* WORK ORDER: A faithful copy is required: transcribe each line below exactly, minus the pictures.

* SOURCE DATA:

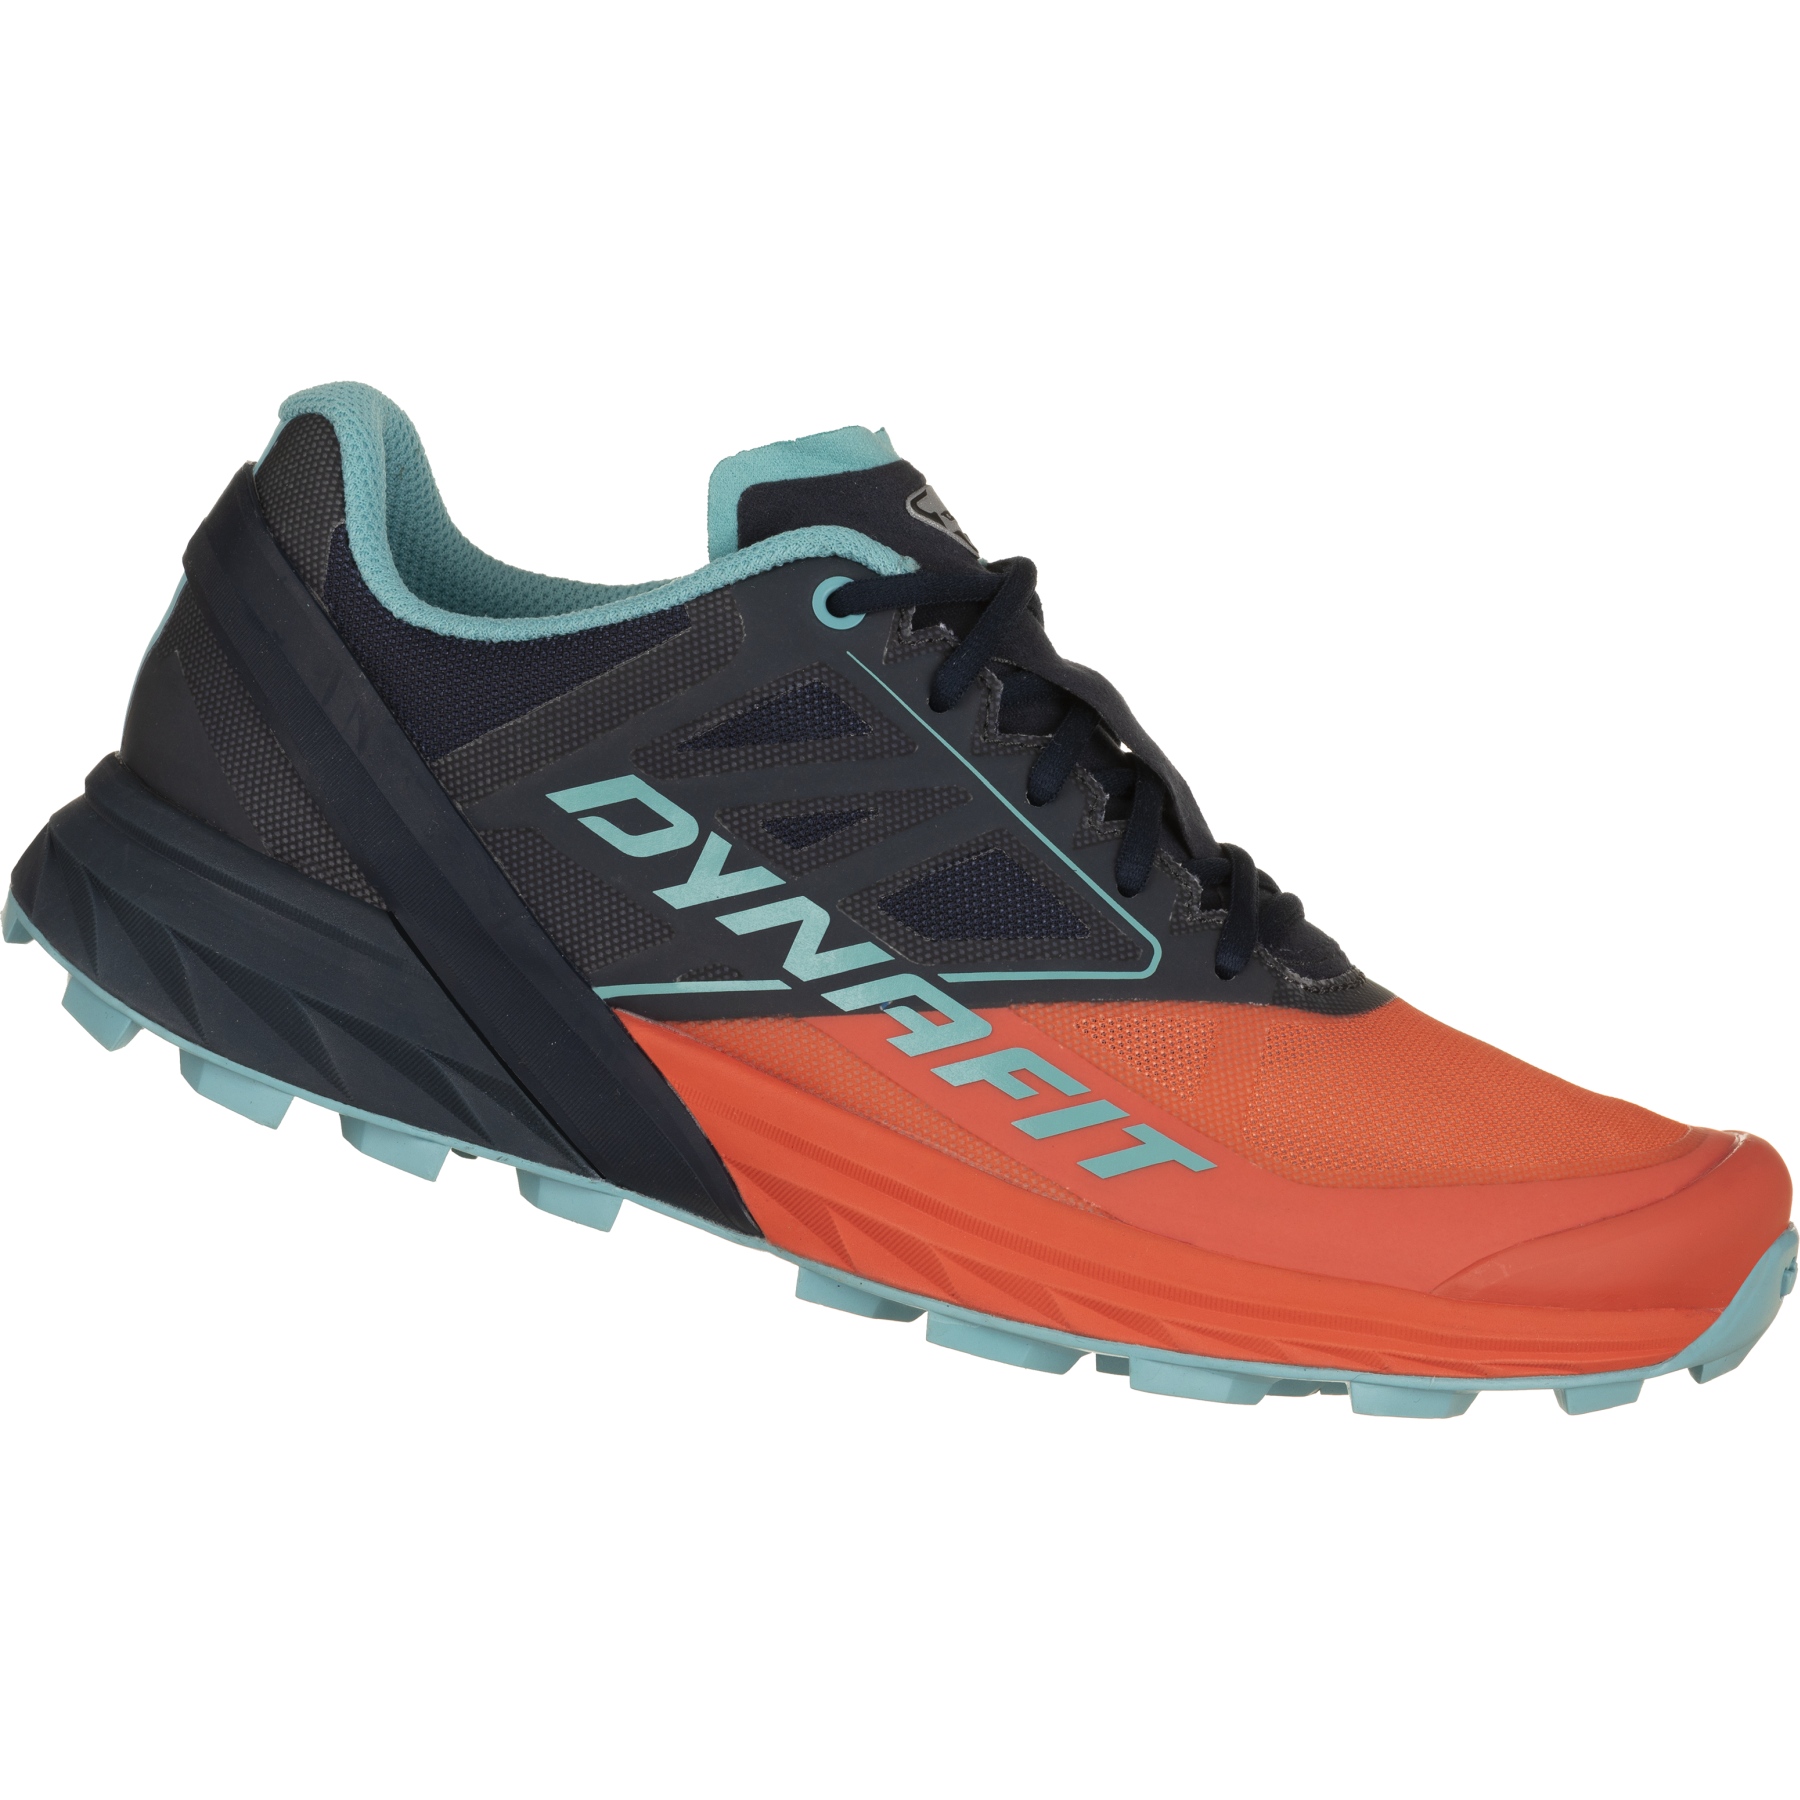 Produktbild von Dynafit Alpine Laufschuhe Damen - Hot Coral Blueberry
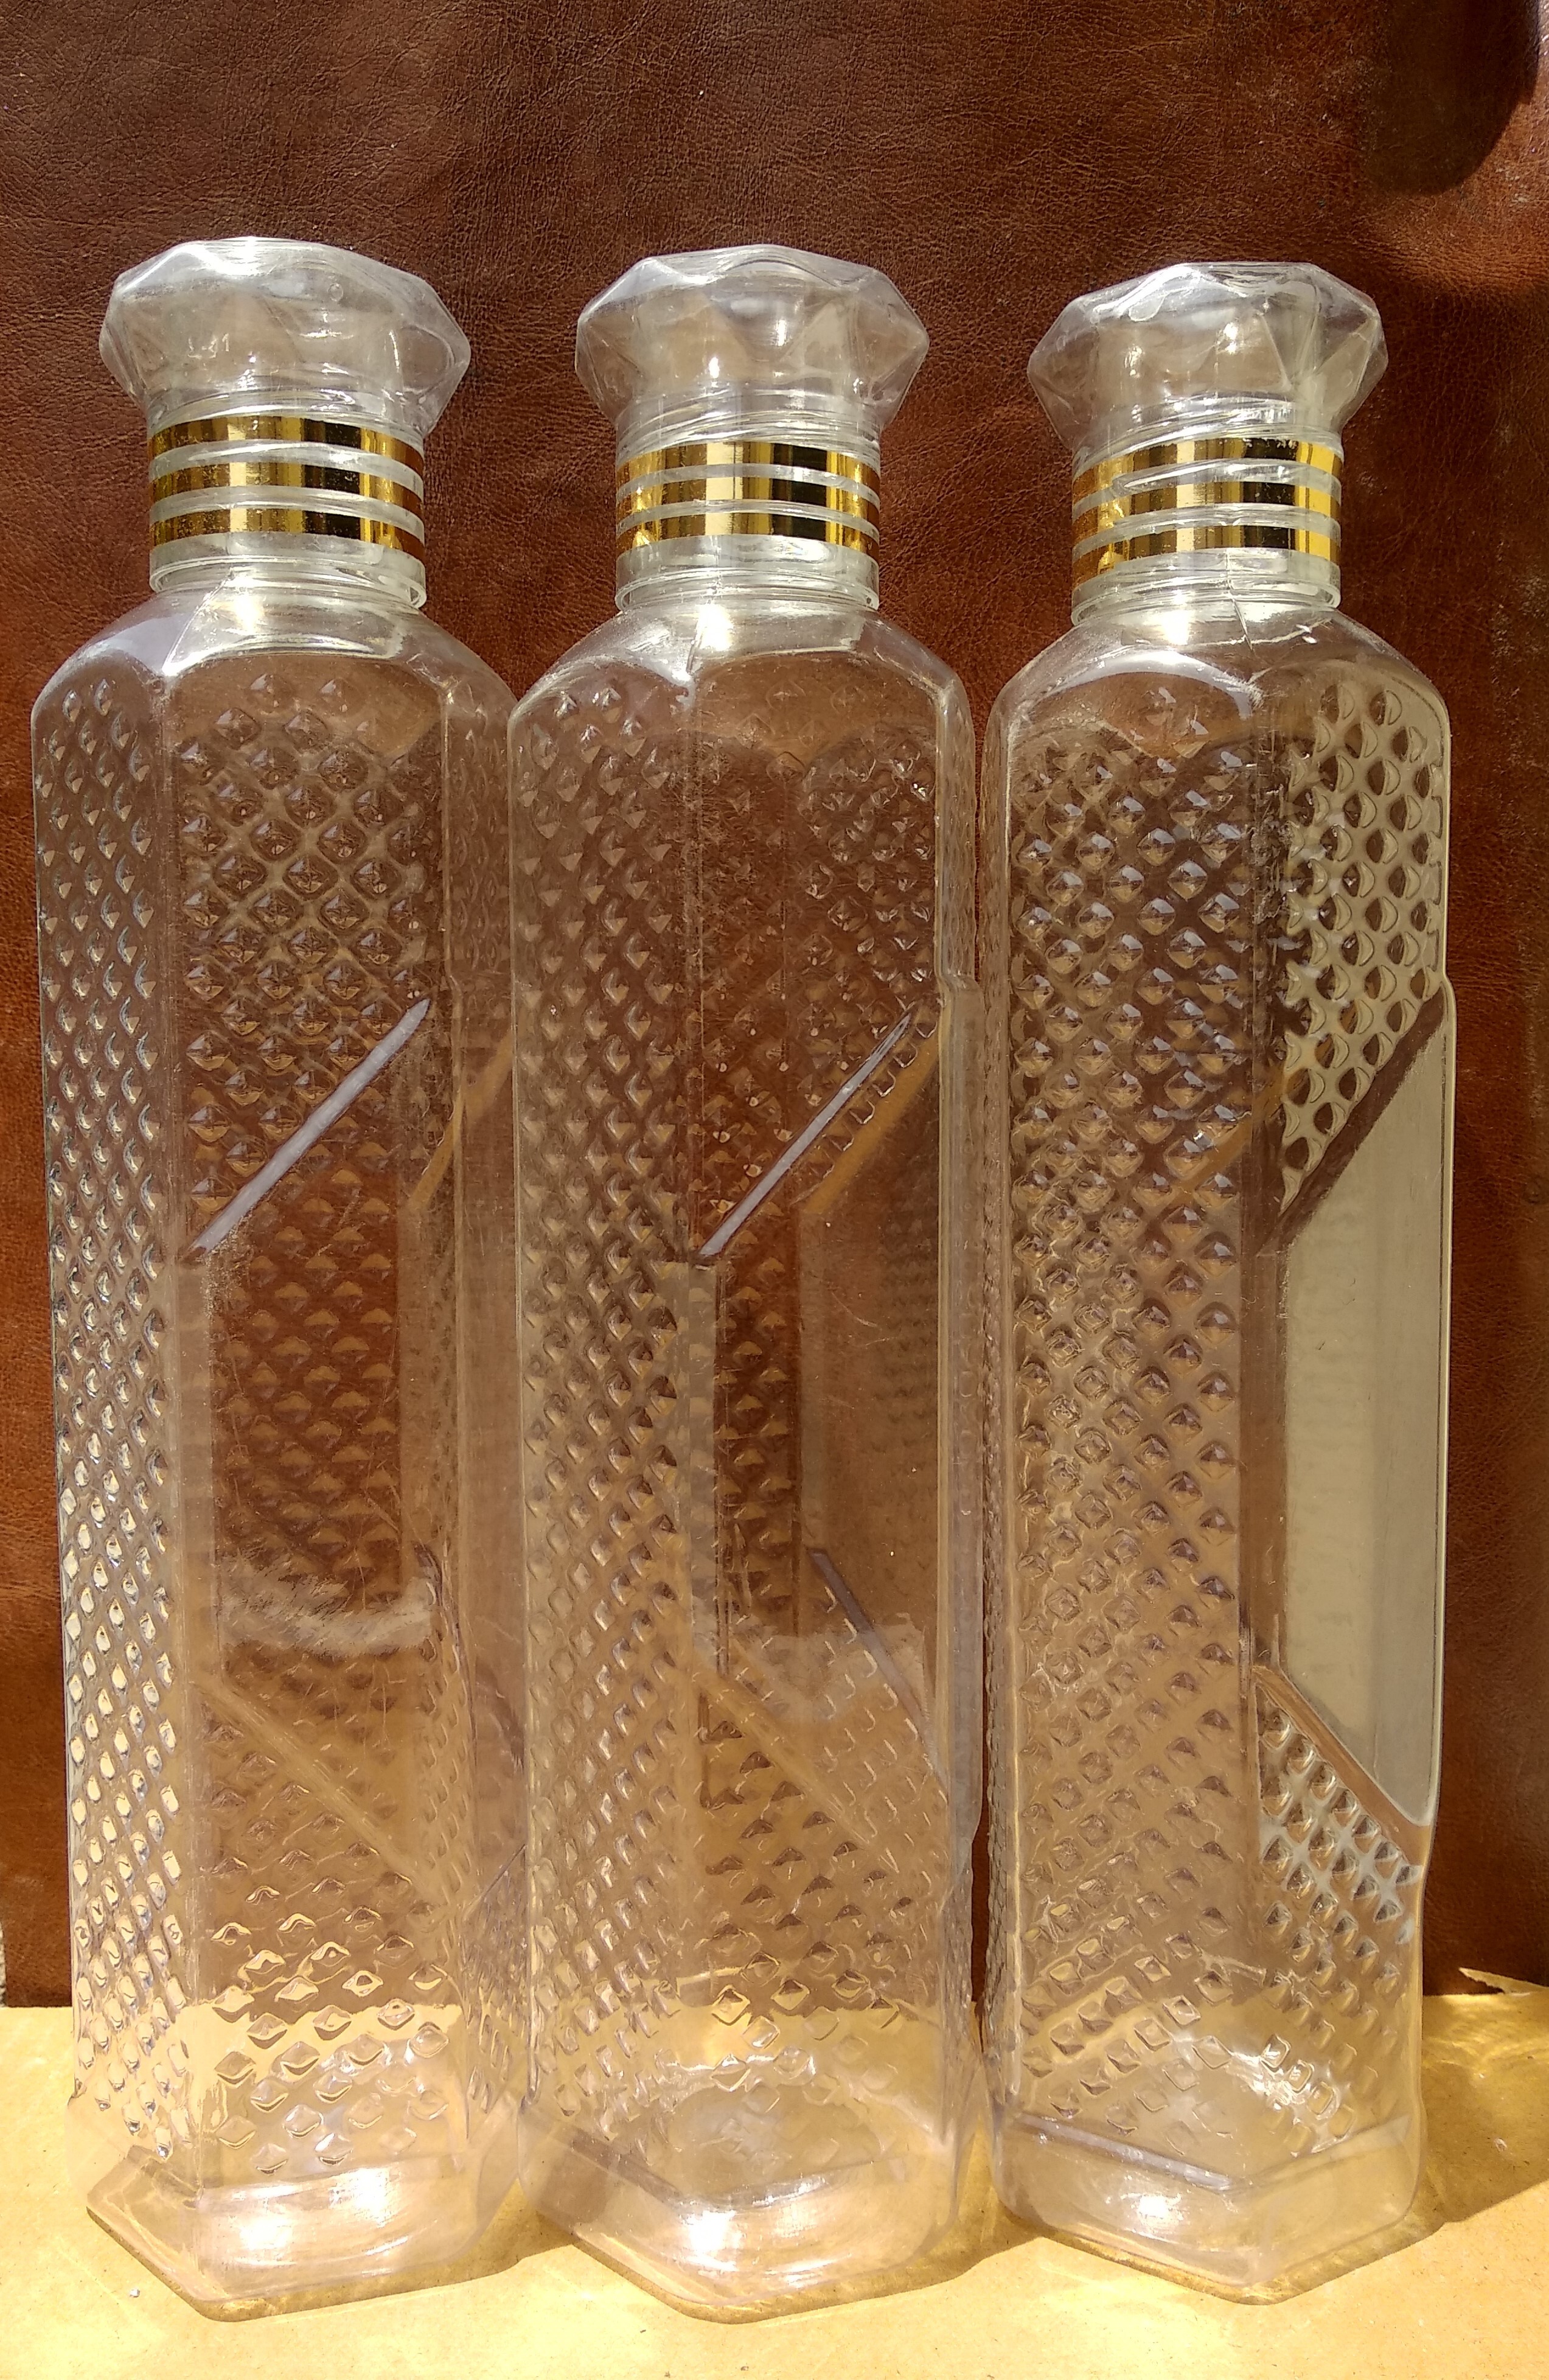 Fridge bottles
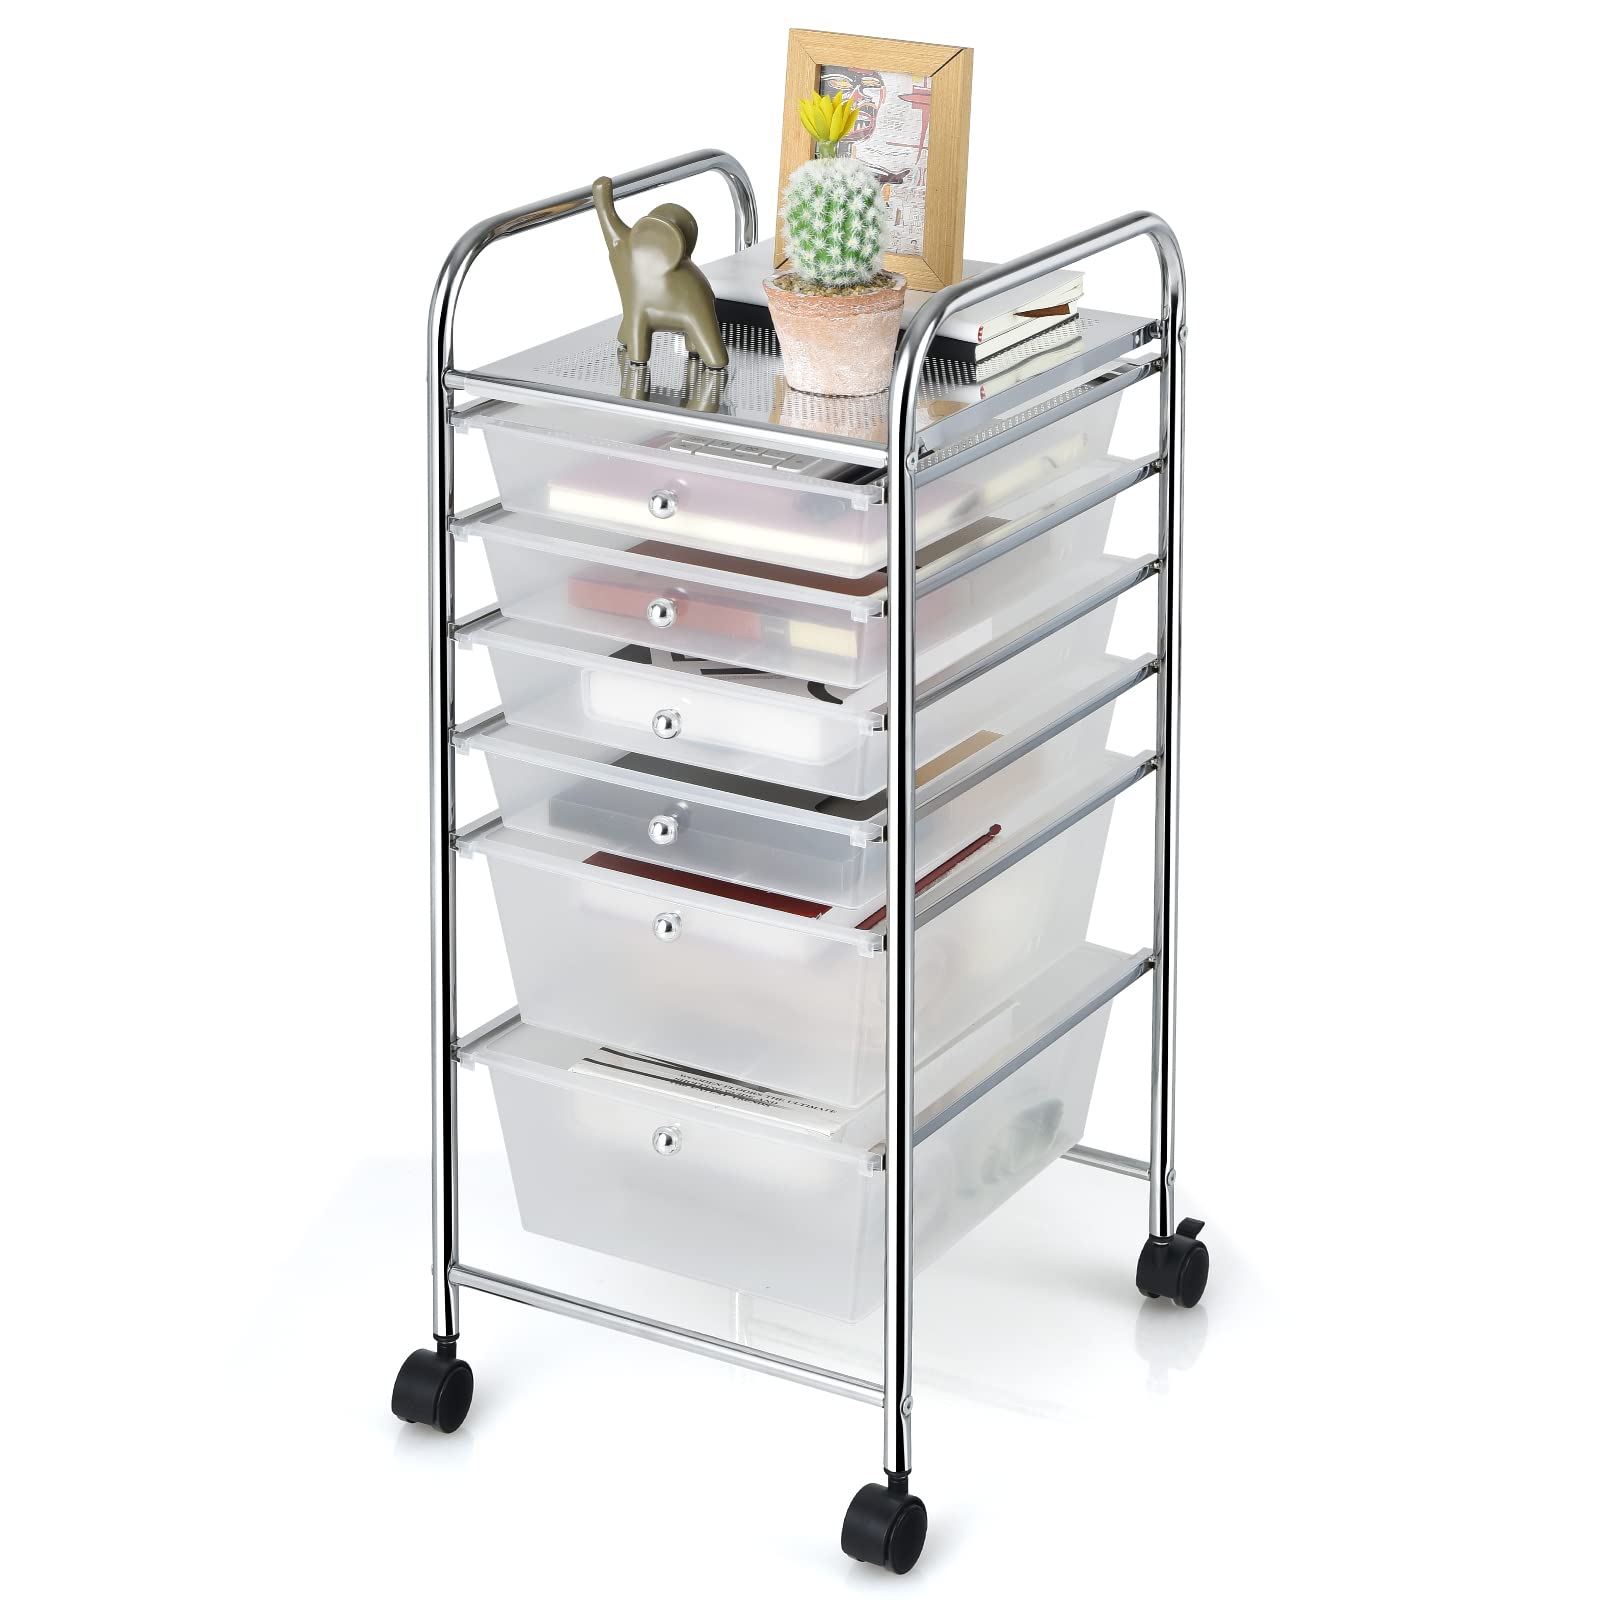  6 Storage Drawer Cart Rolling Organizer Cart, Clean - Giantex

* TASK ANSWER:
 Produktbild von Dynafit Alpine Laufschuhe Damen - Hot Coral Blueberry
 Fridge bottles
  6 Storage Drawer Cart Rolling Organizer Cart, Clean - Giantex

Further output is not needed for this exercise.